- _Instructions to follow_
When you copy the material below, keep every line exact and omit the pictures.

*** Opening Supplied material ***

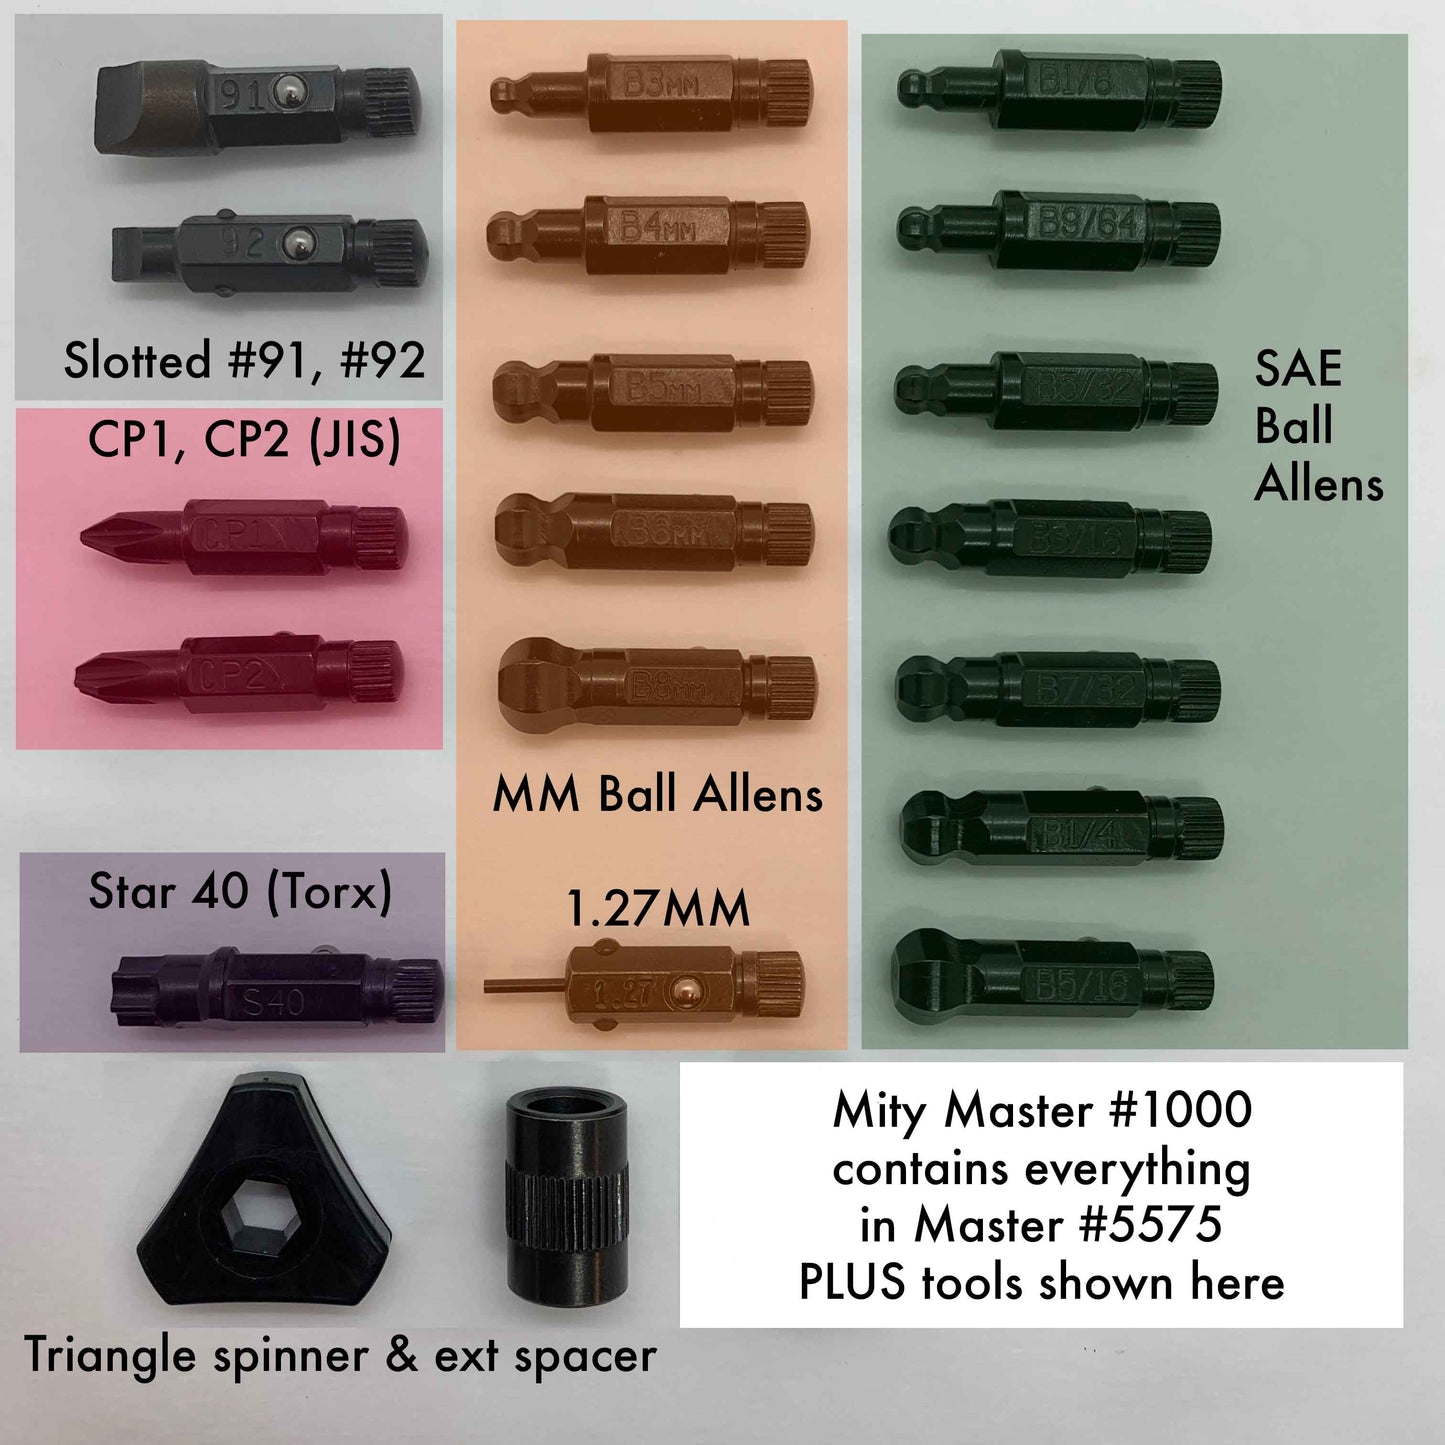 Mity Master #1000 Set contains everything in the Master Set #5575 PLUS 20 new/additional tools shown here. | Chapman MFG
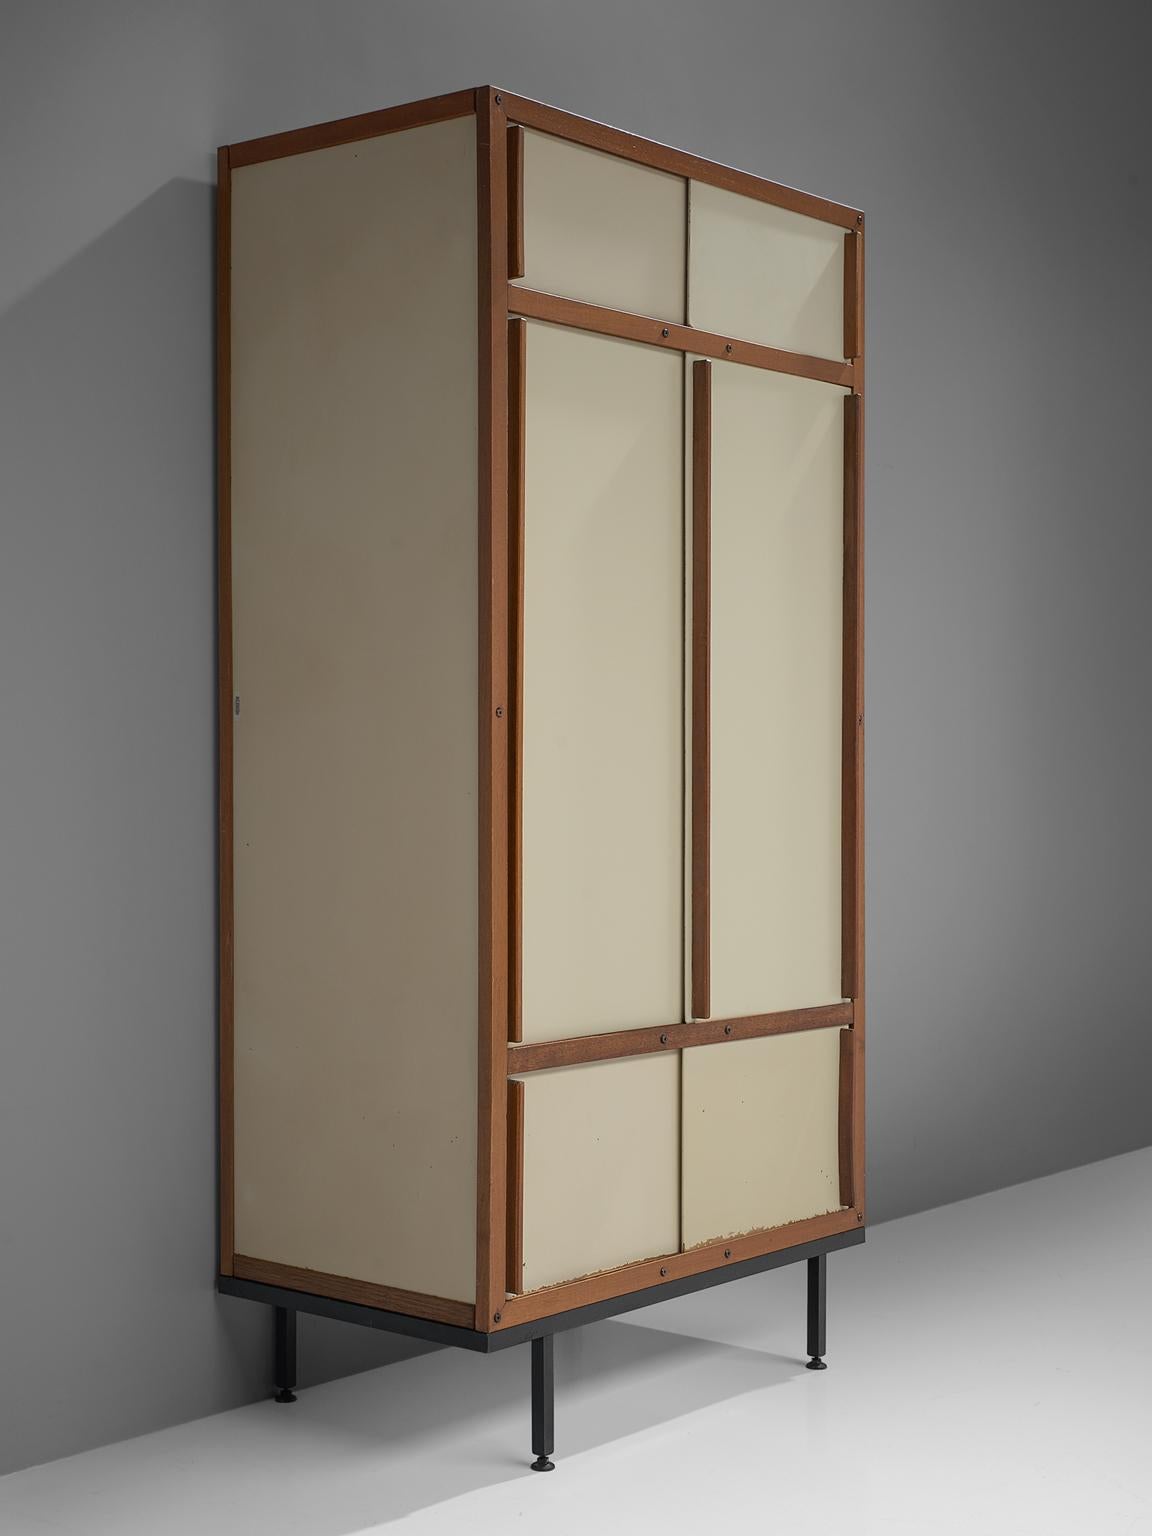 André Sornay for Atelier Sornay, pair of cabinets, honduras mahogany and metal, France, circa 1960.

French midcentury modernist armoires by the Avant grade creator Andre Sornay. The wooden front panels form a dynamic geometric abstraction in

*** Closing Supplied material ***

- _Solution below_
 Mity Master #1000 Set contains everything in the Master Set #5575 PLUS 20 new/additional tools shown here. | Chapman MFG
 André Sornay for Atelier Sornay, pair of cabinets, honduras mahogany and metal, France, circa 1960.

French midcentury modernist armoires by the Avant grade creator Andre Sornay. The wooden front panels form a dynamic geometric abstraction in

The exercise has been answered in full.